Try it out, go in with an open mind. I still have quite a few friends that live in Clifton VA and do the JPR at the battlefield. I moved to Ohio so I don't get to do it anymore


----------



## farmpony84 (Apr 21, 2008)

Hopefully I won't chicken out. I'm hoping to do it!


----------



## Painted Horse (Dec 29, 2006)

Just a few of the obstacles that I've seen at CTR

back your horse thru two barrels
Open gate from horseback
Mount with out your horse moving
Mount pretending you have a broken arm
side pass over and pick up a coat off a tree
Side pass over and tie a ribbon to a tree branch
Crossing logs in the trail
Crossing water on the trail 
Steep descents or Ascents

For the most part, The judges always tried to find natural obstacles, so they would vary from ride to ride depending on the terrain and what was available. Nothing was terribly scary or tricky. Just some horses didn't like some obstacles.
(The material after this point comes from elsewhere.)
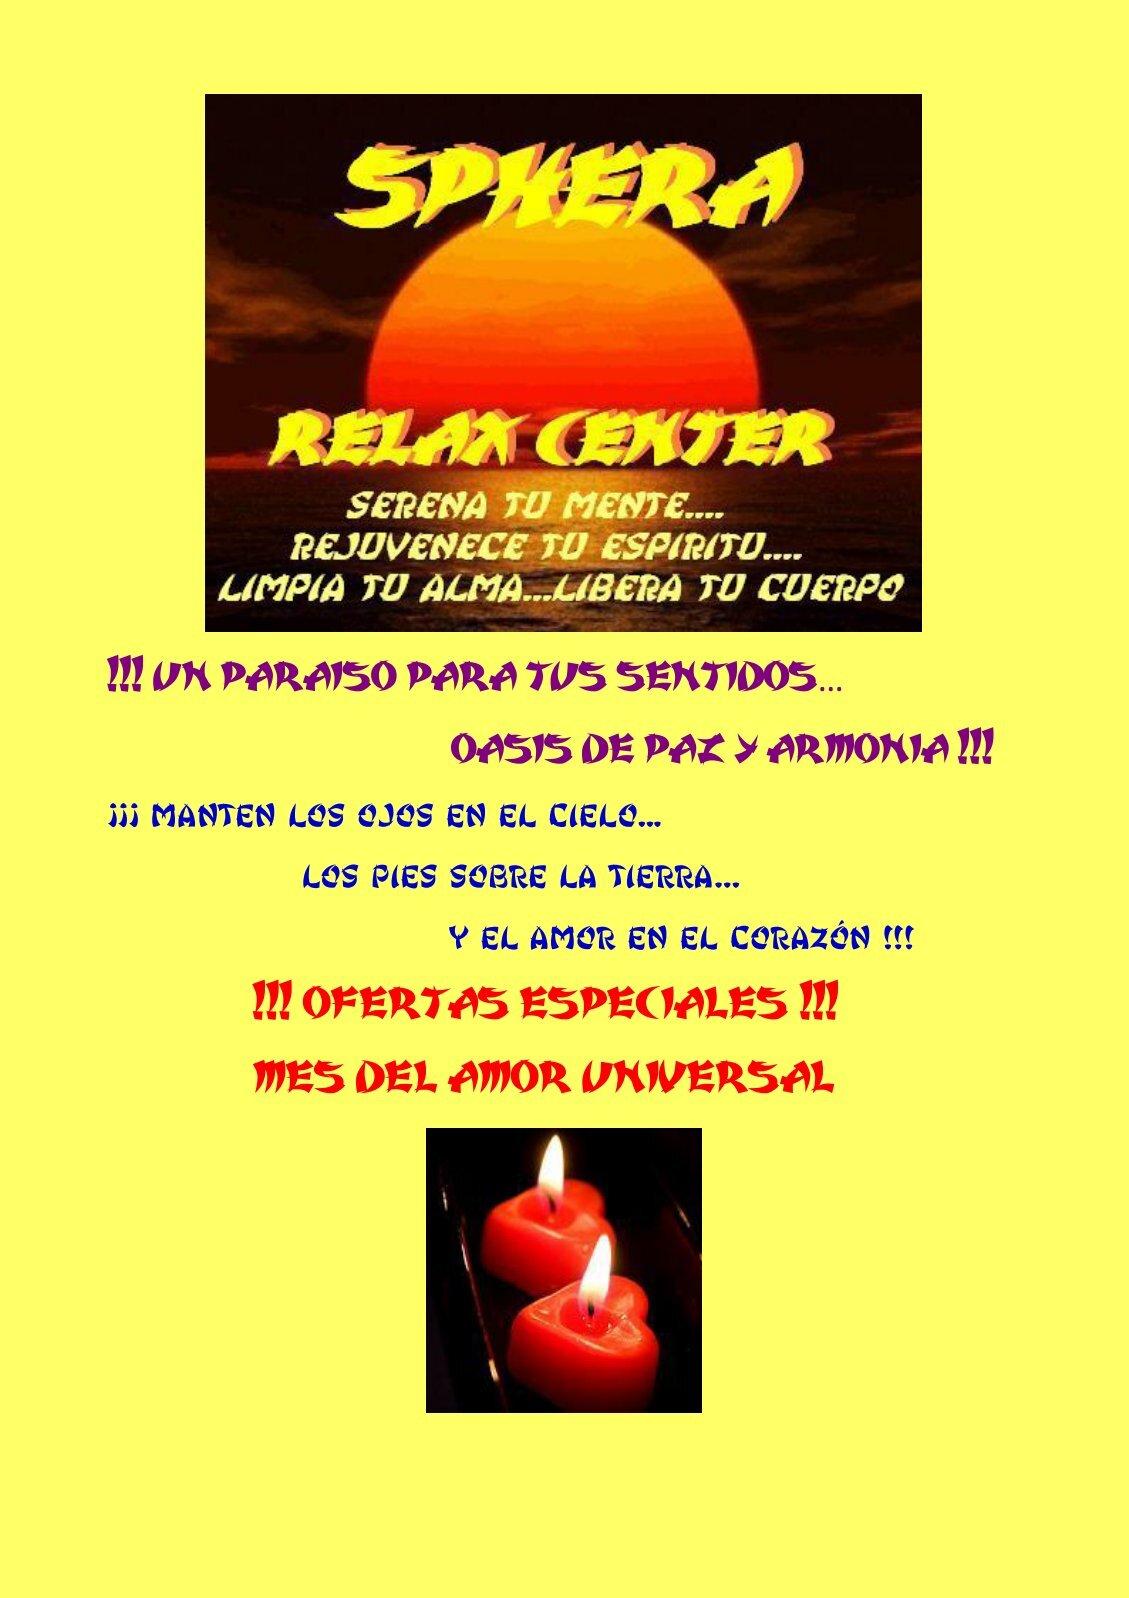 Sphera relax center opiniones

Some horses are calm and take new challenges in stride.

I found most of the folks at NATRC rides almost became family. I still have contact with folks from 20 years that mentored me on my early rides.


----------



## farmpony84 (Apr 21, 2008)

So... Husband and son have both said they'll do this ride with me. I need to order them new helmets. Husband never had one that fit right and my son has outgrown his I think... Looking at the troxels. The leather covered ones, they look manly-ish.


----------



## phantomhorse13 (Feb 18, 2011)

Is there somewhere your DH and DS could go to try on the helmets (even if you buy them online)? Having one that is the wrong shape for your head is miserable. My DH rides in a Tipperary as the Troxel was the wrong shape. So exciting that they are willing to do the ride with you!!


----------



## farmpony84 (Apr 21, 2008)

phantomhorse13 said:


> Is there somewhere your DH and DS could go to try on the helmets (even if you buy them online)? Having one that is the wrong shape for your head is miserable. My DH rides in a Tipperary as the Troxel was the wrong shape. So exciting that they are willing to do the ride with you!!


I already made husband try one on a tractor supply. The large Troxel fit (assuming all troxels will fit the same) I think I have a white one that will fit my son (my moms) but I'm going to order him a new one anyway. He needs to try one on first though. He outgrew his a long time ago and was wearing my old one but it's too small for him now. 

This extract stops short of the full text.